TikTok “Challenges” Pose a Threat to Users’ Ocular Health

The social media platform TikTok has been used to share mostly harmless trends and challenges among its predominantly young audience, but some do pose serious risks to adolescents and teenagers who seek validation and attention from peers. Considering about 41 percent of the user base falls between the ages of 16 and 24, and a third are 14 or younger, it’s important to highlight those trends that pose potential harm. A recent research paper in the online journal Ophthalmology and Therapy cataloged a variety of reckless and foolhardy activities shared on TikTok that can endanger eye health.¹

Included in discussion of this new research were the “rubbing castor oil trend,” “bleach/bright-eye challenge,” “mucus fishing challenge,” “eggsplosions,” “beezin challenge,” “Orbeez challenge,” “blow-drying eyelashes,” “sun gazing” and “popping styes” TikTok trends/challenges. The number of views, likes and shares was documented for each video of the respective challenge with the highest like count.

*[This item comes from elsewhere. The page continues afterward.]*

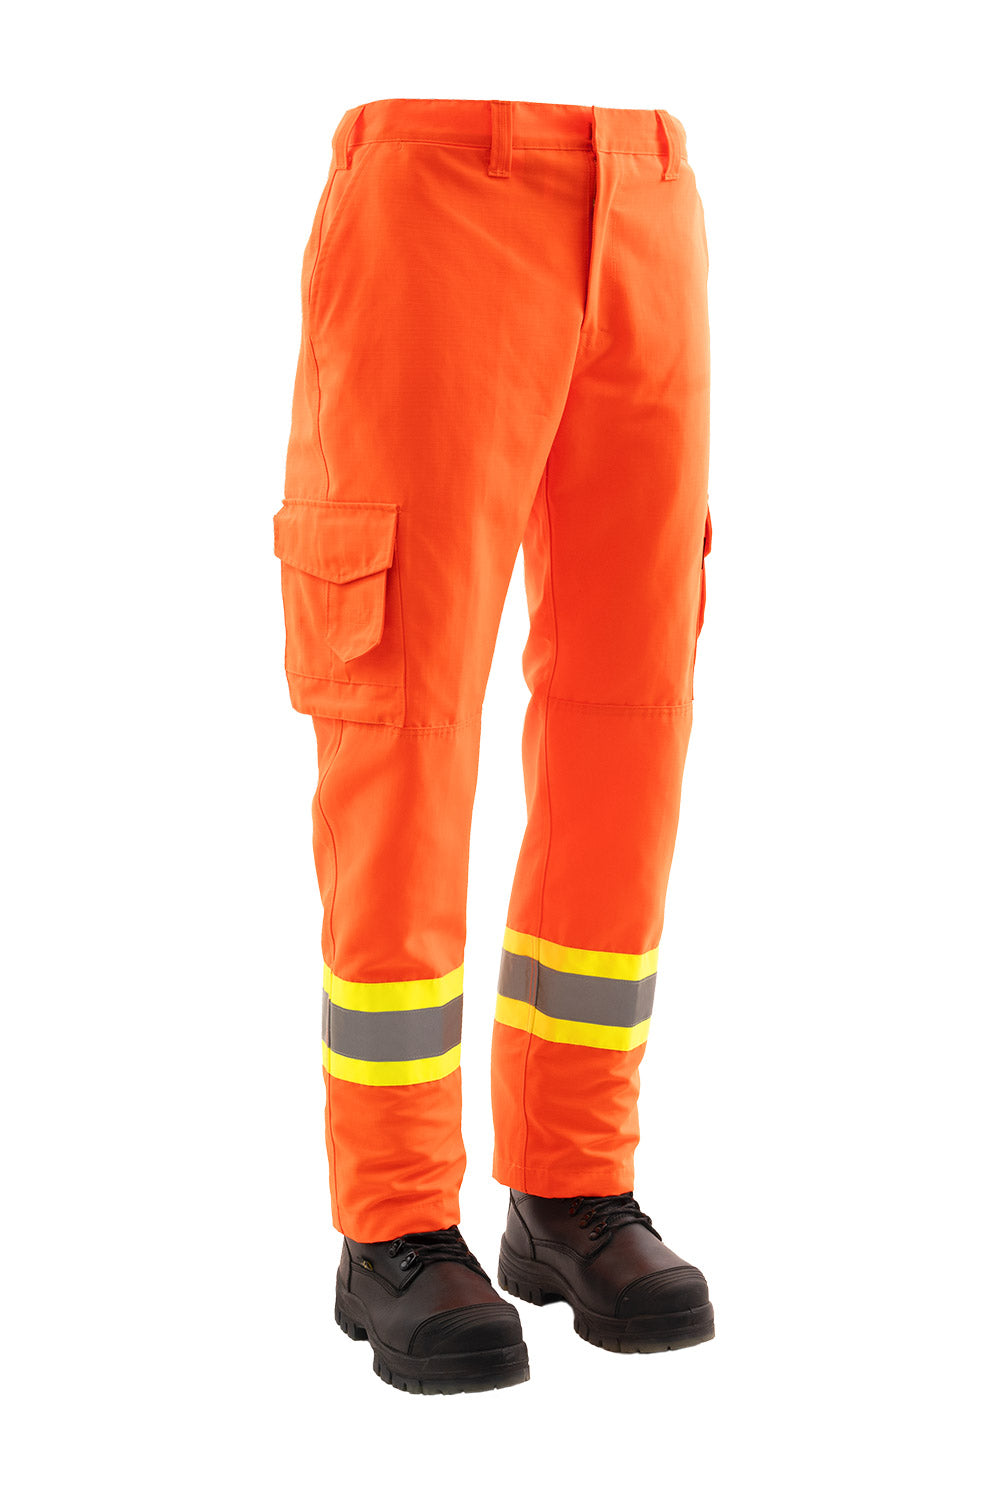 Source Durable oxford cotton cargo pants safety work men workwear trousers  on malibabacom

The first on the list, rubbing castor oil onto the eyes, has the purported benefits of decreasing wrinkles and—somehow—improving vision. A few studies do show that castor oil can enhance the lipid component of the tear film and decrease evaporation time, but can be dangerous to employ without medical supervision, due to many over-the-counter versions containing irritating or harmful preservatives. As well, excessive eye rubbing is linked with keratoconus.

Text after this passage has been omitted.